February 20, 2015
"So Jesus was saying to those Jews who had believed Him, 'If you continue in my word, then you are truly disciples of mine. And you will know the truth, and the truth will make you free." John 8:31-32
What is the truth that Jesus speaks of? A Jewish Rabbi, a Buddist, a Pastor, and a Muslim all sit around a table discussing their religious beliefs. They talk about why they believe what they believe and why they don't believe other religions. Their conversation is peaceful and they all listen to each other respectfully. Though things get heated from their passion for their faith, they are able to have a peaceful dialogue about their faith.
So which one is true? What makes my belief more true than another? What causes one person to switch faiths, or remain in a faith, or stay faithless? Jesus said to His people that they were to continue in His word to truly be His disciples. If they did so, they'd know the truth, and this truth would make them free.
What does another faith believe to be true? And how is it they can cling to their faith so hard if it is not really true? Is it all about being right? Or is it about being in what you believe to be the truth? If I read the Koran, would I begin to believe what they believe? What is written within?
Do I only believe now what I believe because I read the Bible? Matthew 7:7-8 says ask and it shall be given, seek and ye shall find, knock and it shall be opened unto you. For everyone that asketh receiveth; and he that seeketh findeth; and to him that knocketh it shall be opened.

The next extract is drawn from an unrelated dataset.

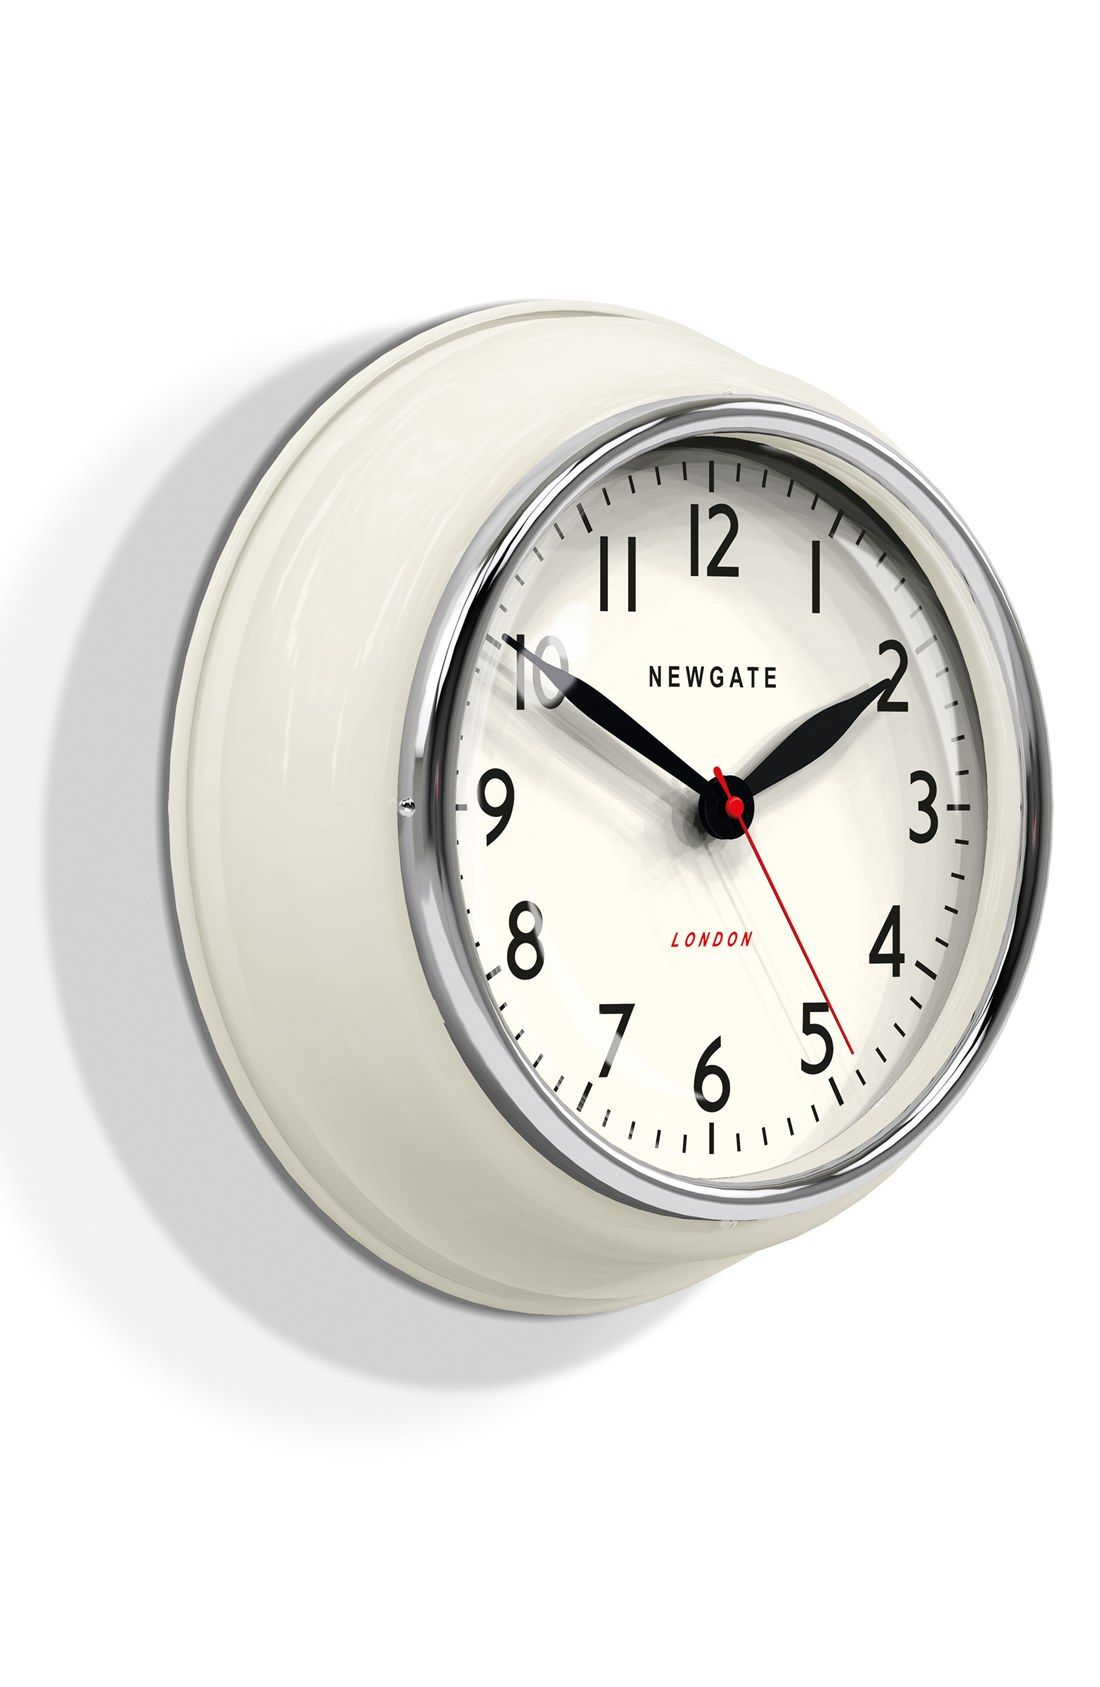 Newgate Cookhouse Wall Clock

So I ask and seek and knock for the wisdom of God on this in order to know what is true. I mean, Jesus called us to go out and making disciples of all nations (Matthew 28:19). To think that there are people in this world that still have never heard of Jesus and do not know that He has love for them, and offers them hope and a future...this boggles my mind. So what do these people believe? And if God is all knowing, all loving and everywhere, why can't He just swoop in and supernaturally whammy them into realizing Jesus? Why does He have to use other people to spread the message?
These are all very pertinent questions, that God has yet to give me revelation about. But I am going to wait on Him for an answer to these questions. One thing I do know is that back in November 2008, I had been feeling a heavy burden for a long time. I was engaged in behaviors that were tearing me apart, and pushing me further down a black hole. All the while, God pursued me.
After being fed up with the direction I was going in, I cried out to God and asked for help. Not sure what He would do, I went to Him in hopes that He would save me from continuing down this destructive path. When He did, I was convicted beyond my wildest thoughts. Believing I had it all together, God revealed to me just how broken I truly was, and showed me that I indeed needed to be in a relationship with Him. That I was not currently in a close relationship with Him, but that no matter how far I felt from Him, He had been right there pursuing me the entire time.
I also know that once again, a few months later, I was convicted by God and led to tell my now husband (then boyfriend) of a shameful secret I'd been keeping from him for a long time. The Holy Spirit literally shut my mouth for 3 hours until I confessed to Marcus what I'd done. I mean, no matter how hard I tried, I COULD NOT SPEAK...a word!! The only time my mouth was opened and words came out was when I began confessing to him.
Finally, a few months after that, when I felt led by the Holy Spirit to fast and pray before God to take the taste of alcohol from me, he did! I struggled with alcohol for a while after I started drinking. I had many a blacked out night and got into some drunken fights. Some with strangers, and many with friends.
I decided that I needed to change that. Worried about the addiction in my family history, I prayed for help. I really felt like I could not do this on my own. I continued craving the alcohol even when I didn't drink. So during my first couple of fasts, I prayed and asked God to take away my desire to drink. I didn't even realize He did until one day we were out at a happy hour with friends and I didn't think about drinking.
I have had a few drinks since then, but none of them satisfied me like before. Most I end up not finishing or it takes me forever to finish. After that, I just didn't drink, and I do not miss it at all. Why do I bring these three instances up? Because though I may believe one way and someone who is Jewish or Muslim believes another way, I do know that in all of these instances, I felt the presence of God and believe I was transformed by Him. All of these instances were early in my walk with Him, I can't explain it any other way. It was not me! Nor was it luck! It was not even a decision. I was transformed by Him.
So what is true? Jesus told His people, it was in His word. Because to be considered His disciple they had to read His word. And in so doing, they would come to that truth. It isn't up to me to convince people of this truth. It is up to me to share it, along with my testimony with them.